SWEny does not infer this from the presence of ANTHROPIC_BASE_URL. A base URL does not mean “non-billing gateway”: pass-through proxies set it while still billing your real key. The auth choice must be explicit, because guessing wrong toward a key fails silently and costs money, while guessing toward OAuth just fails the call and you fix the config.

SWENY_AUTHBehavior
auto (default)When an OAuth token is present, strip ANTHROPIC_API_KEY. Never touches ANTHROPIC_AUTH_TOKEN.
api-keyPreserve ANTHROPIC_API_KEY and ANTHROPIC_AUTH_TOKEN even when an OAuth token is present.
oauthForce subscription/OAuth: strip both ANTHROPIC_API_KEY and ANTHROPIC_AUTH_TOKEN.

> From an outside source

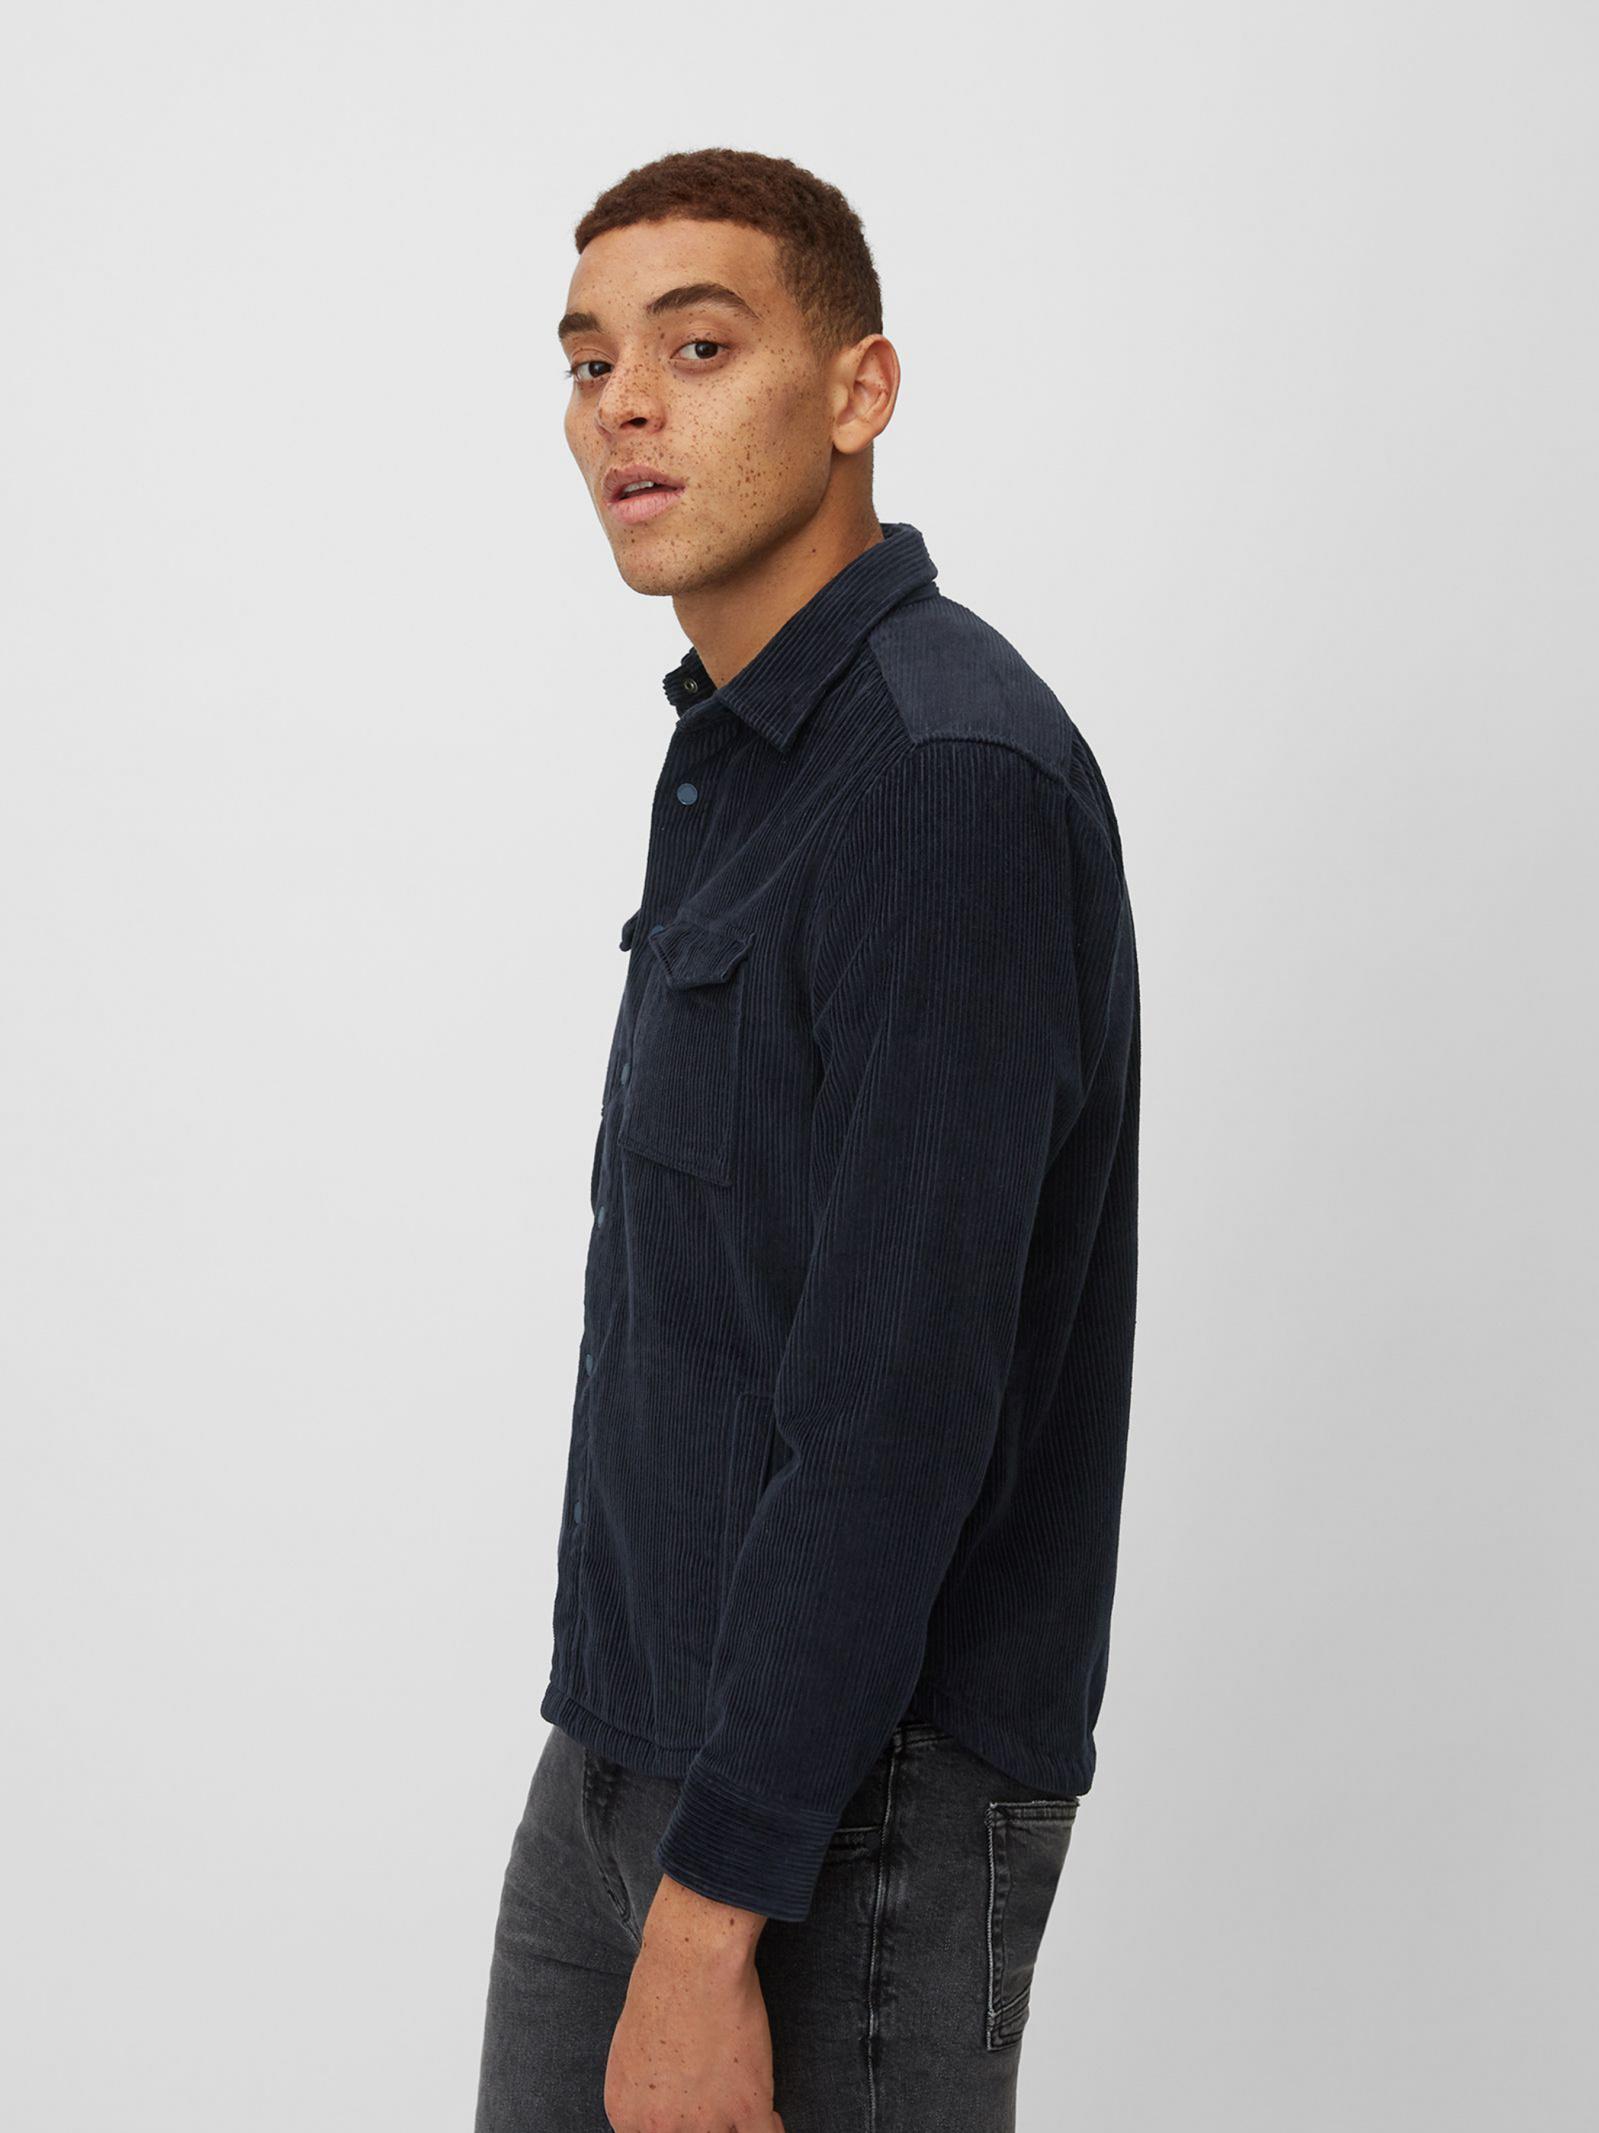 Рубашка мужские MARC O'POLO DENIM модель 060091142042-815 купить, 2017

The action exposes matching inputs:

- uses: swenyai/sweny@v5
with:
workflow: .sweny/workflows/upgrade.yml
anthropic-base-url: https://litellm.internal/v1
anthropic-auth-token: ${{ secrets.LITELLM_TOKEN }}
sweny-auth: api-key

Put a cheap model on the mechanical nodes and the default (or a stronger) model on the reasoning node. Resolution is node.modelworkflow.model → executor default.

id: helm-upgrade
name: Helm chart upgrade
entry: plan
model: claude-opus-4-6 # workflow default for the thinking
nodes:
plan:
name: Plan the upgrade
instruction: Read the chart and the changelog, decide what changes are needed.
skills: [github]
apply:
name: Apply mechanical edits
instruction: Make the version bumps and formatting changes.
skills: [github]
model: claude-haiku-4-5 # cheap grunt work
edges:
- from: plan
to: apply

With ANTHROPIC_BASE_URL pointed at LiteLLM, you can alias claude-haiku-4-5 (or any model name) to a cheaper backend in your LiteLLM config.

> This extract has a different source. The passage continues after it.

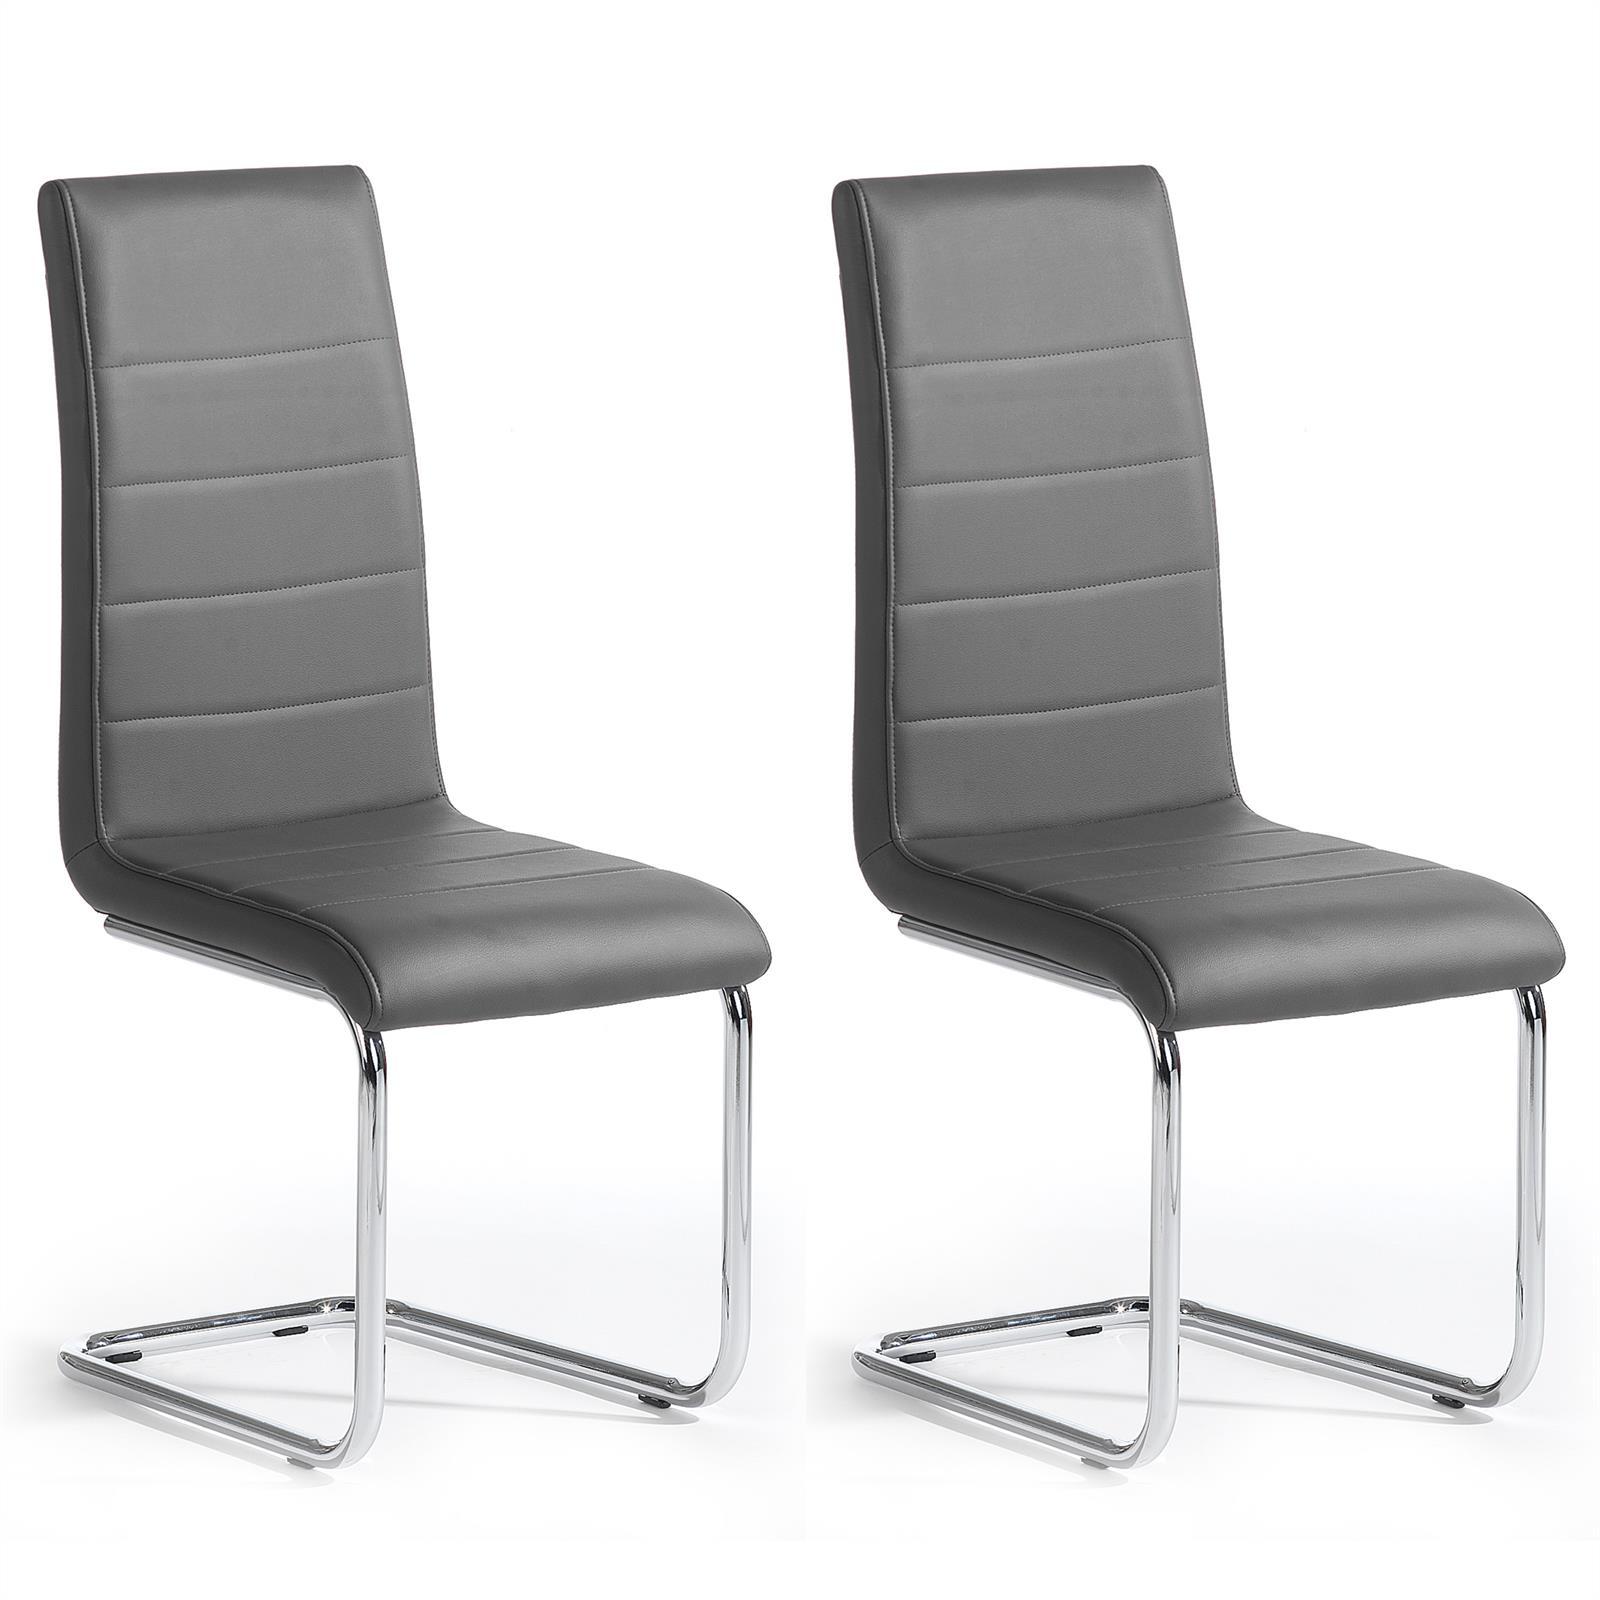 schwingstuhl leni freischwinger grau mobilia24. Black Bedroom Furniture Sets. Home Design Ideas

sweny check is gateway-aware. When ANTHROPIC_BASE_URL is set it probes the gateway (not real Anthropic) and reports the selected auth mode. The base URL is redacted to scheme and host in output so a credential embedded in the URL never logs.

✓ Anthropic (gateway)
gateway reachable (https://litellm.internal), auth mode: auth-token

Mixing models across nodes means a cheap grunt node does not share prompt cache with the expensive reasoning node, and a gateway may disable Anthropic prompt caching entirely. The per-node savings are real, but do not assume cache hit rates from a single-model run carry over.